** Prompt **
Transcribe the entries below word for word, beginning at the line with "Bリーグに代表合宿 西田優大が過ごす刺激的な日々とその先に見る未来 バスケットボールキング" and stopping after the line with "Quentin-Tarantino-Shelves-The-Hateful-Eight"; drop all pictures.

** Dataset **
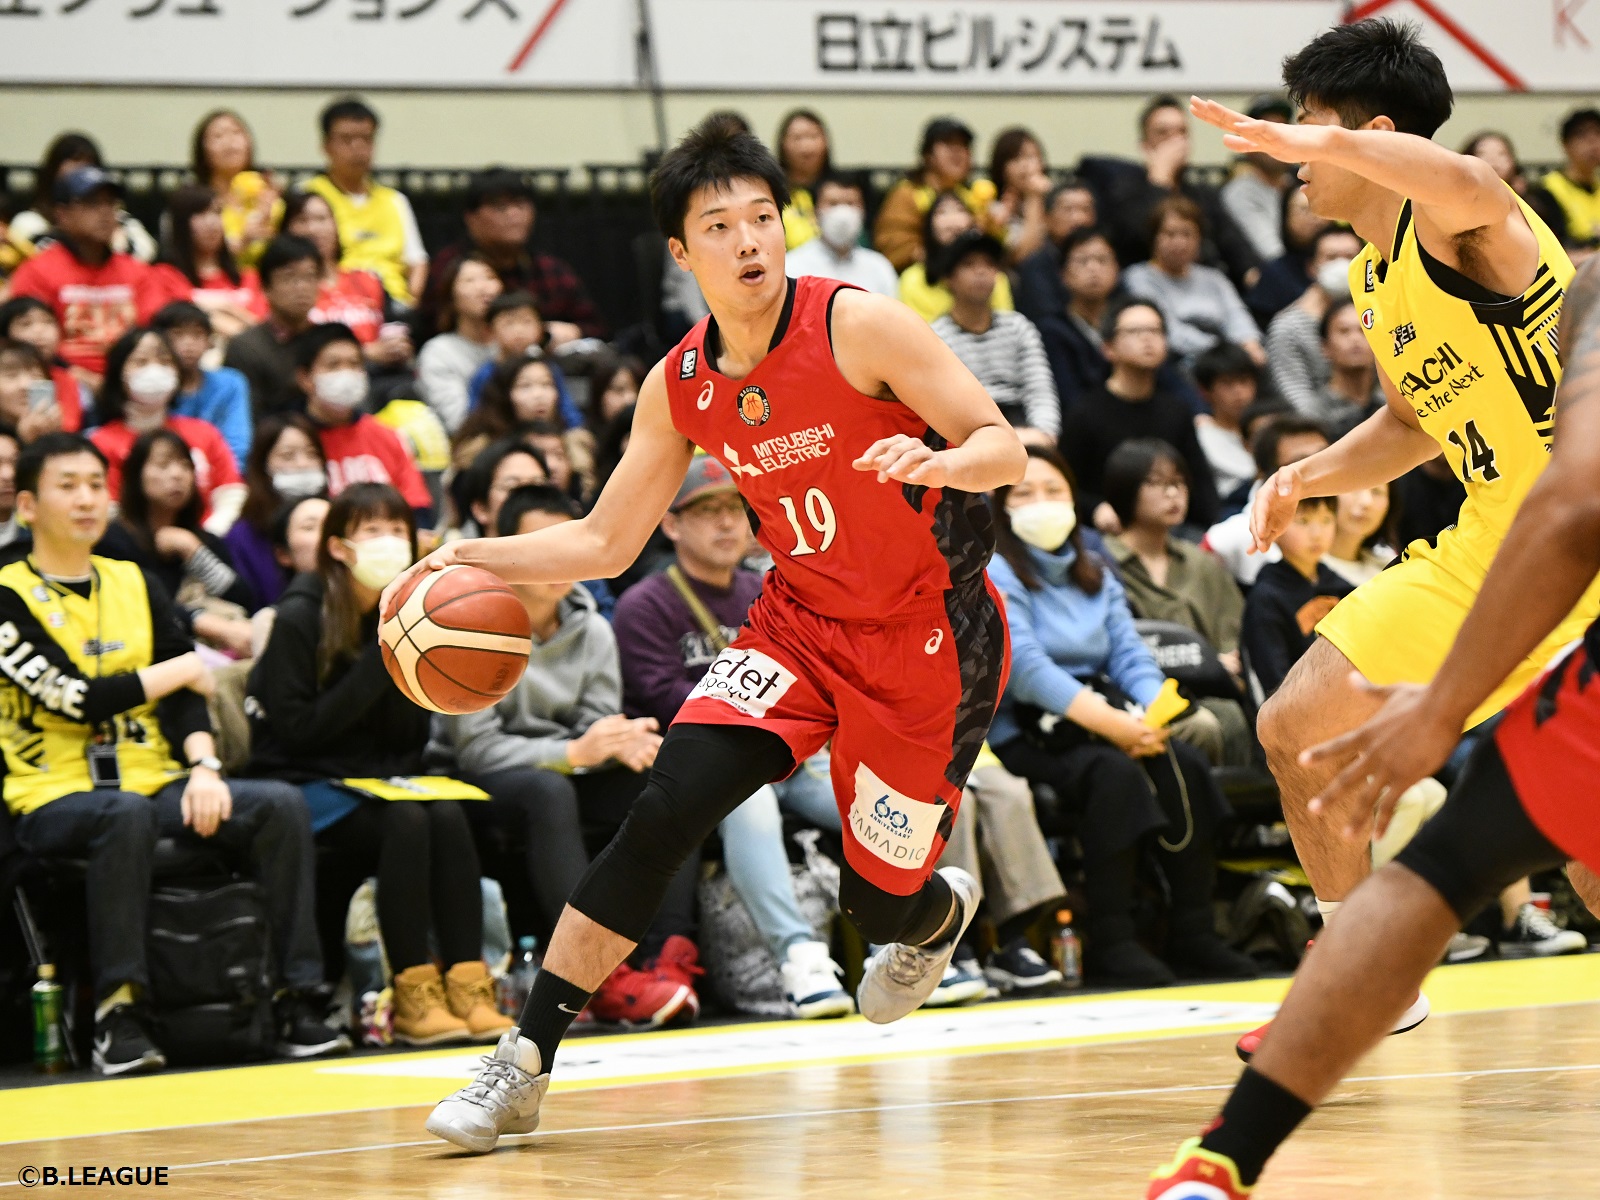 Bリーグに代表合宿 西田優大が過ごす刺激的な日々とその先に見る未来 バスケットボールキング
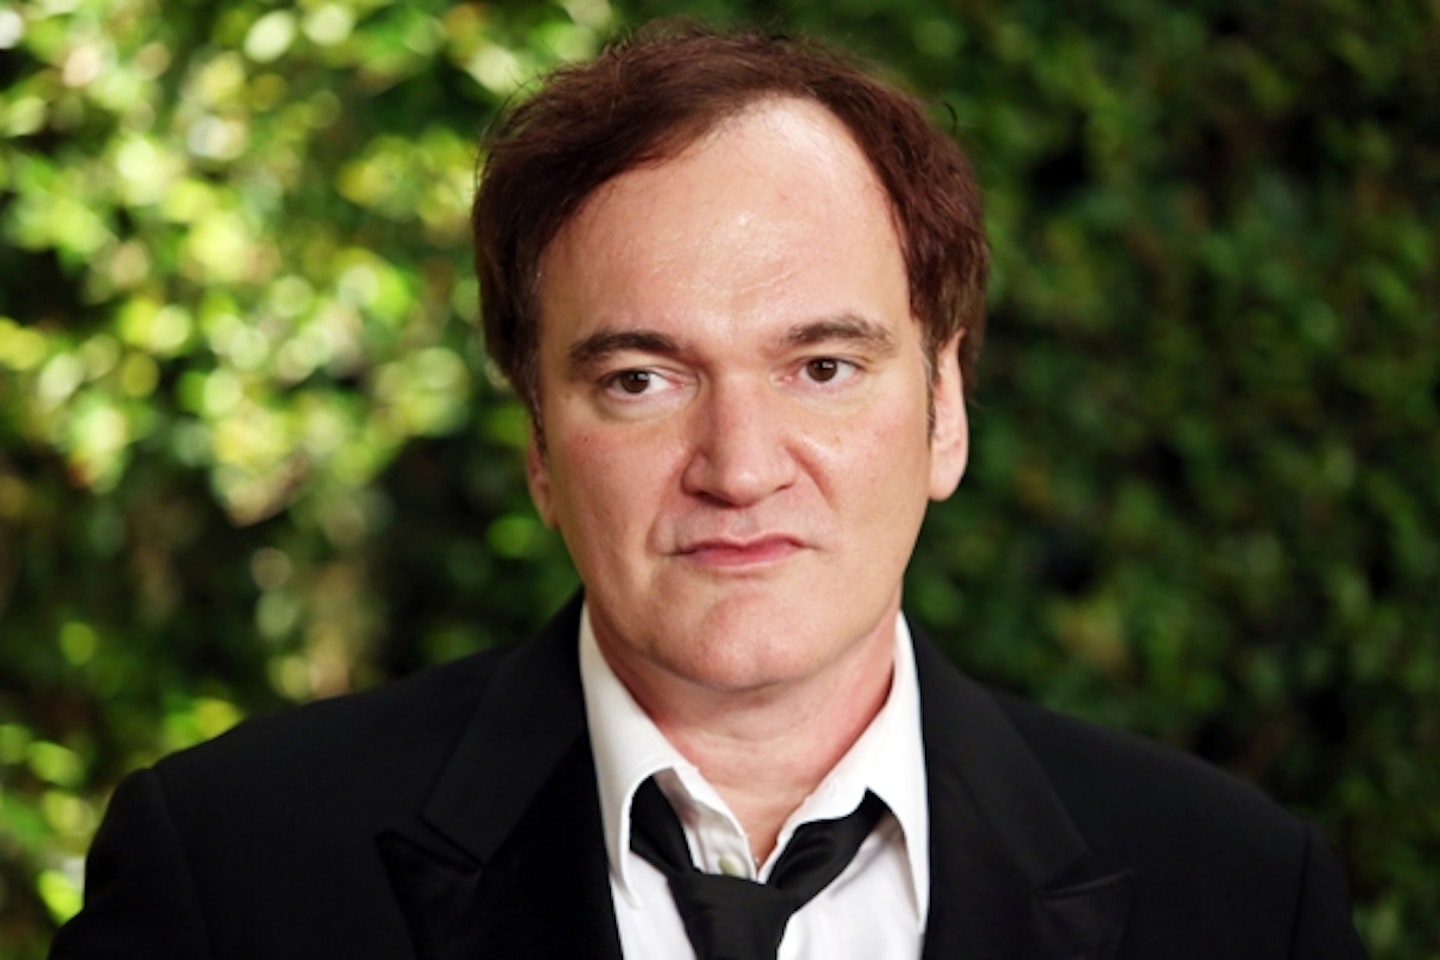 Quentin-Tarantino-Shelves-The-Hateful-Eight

==

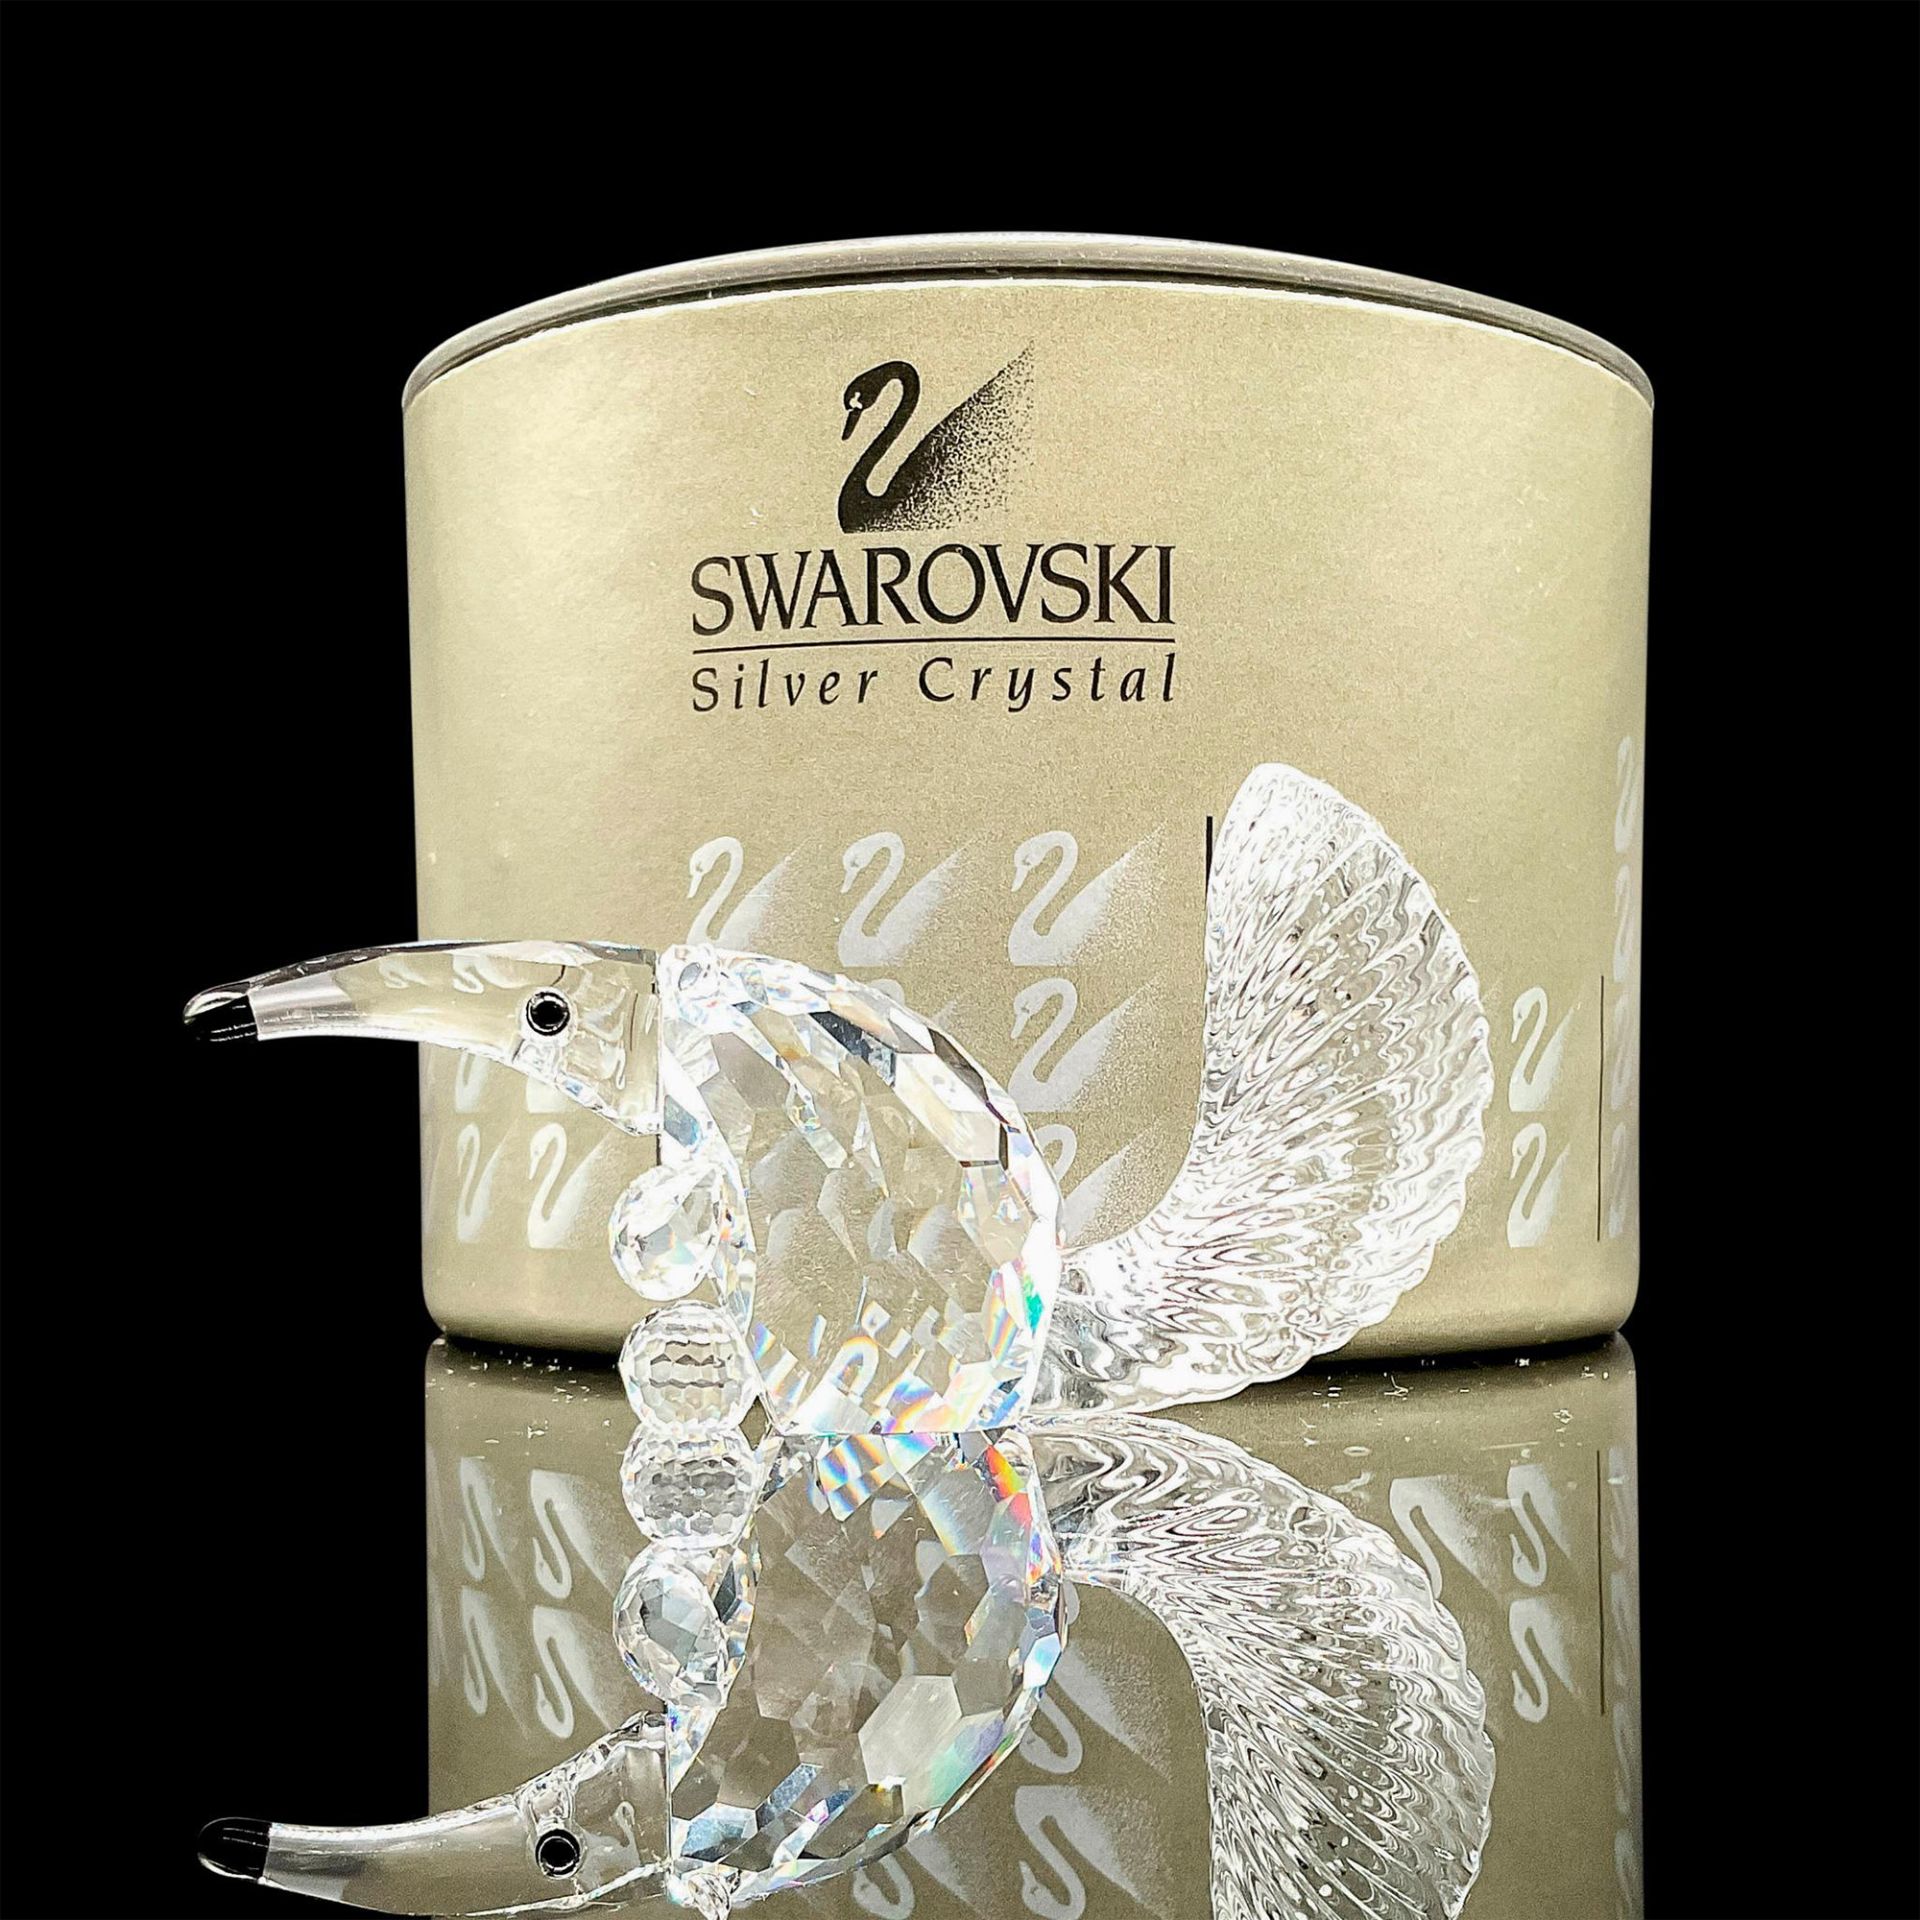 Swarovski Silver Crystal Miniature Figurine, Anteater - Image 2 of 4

==

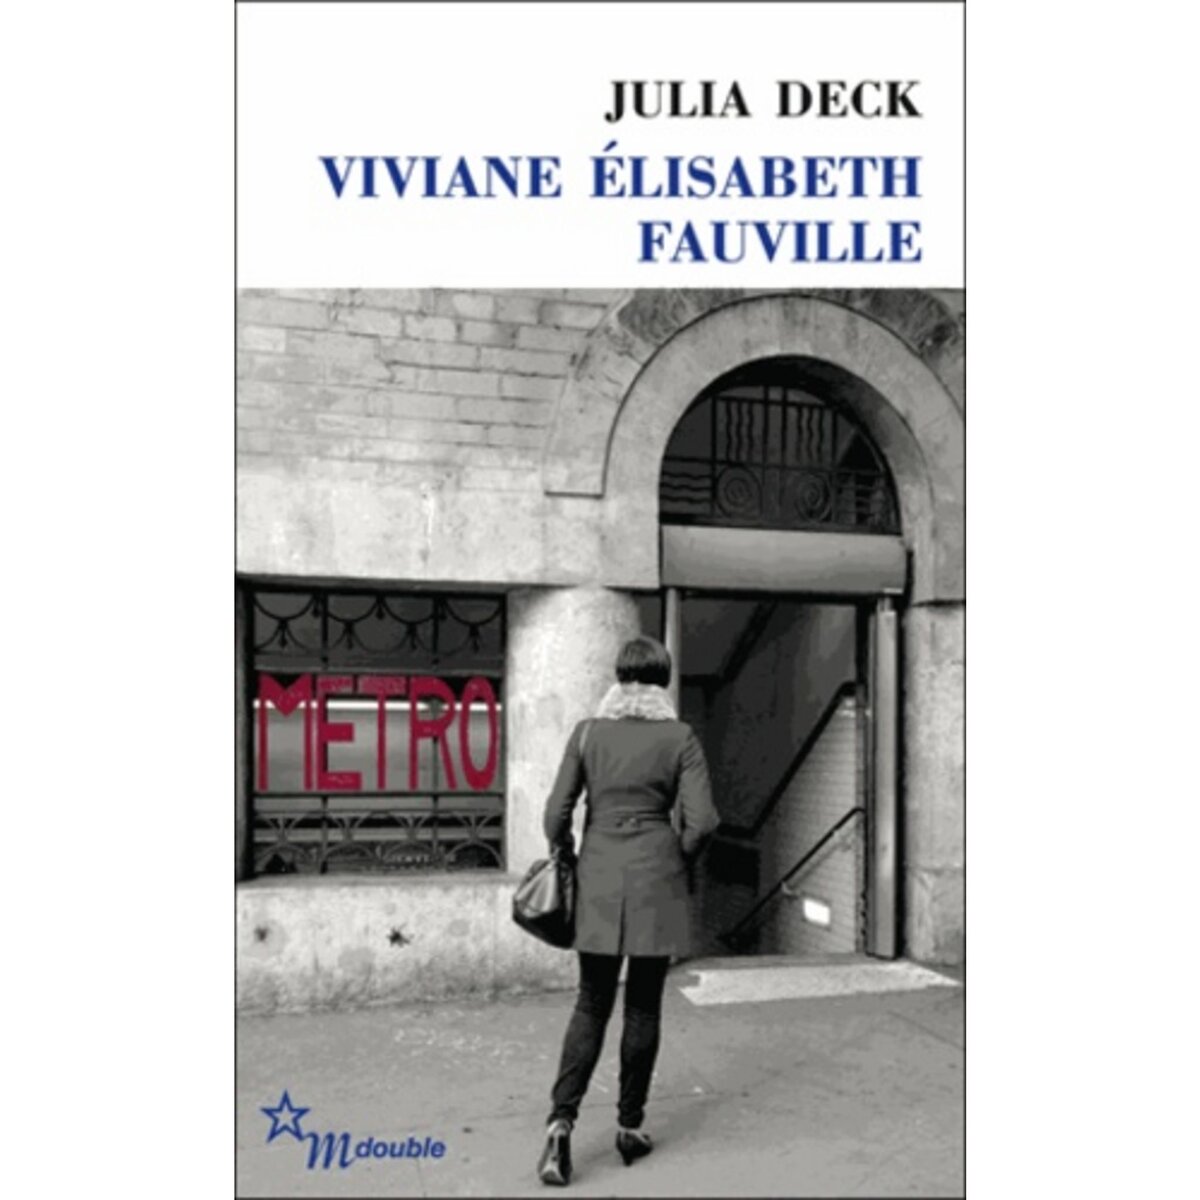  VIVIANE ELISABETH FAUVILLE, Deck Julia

** Exercise result **
 Bリーグに代表合宿 西田優大が過ごす刺激的な日々とその先に見る未来 バスケットボールキング
 Quentin-Tarantino-Shelves-The-Hateful-Eight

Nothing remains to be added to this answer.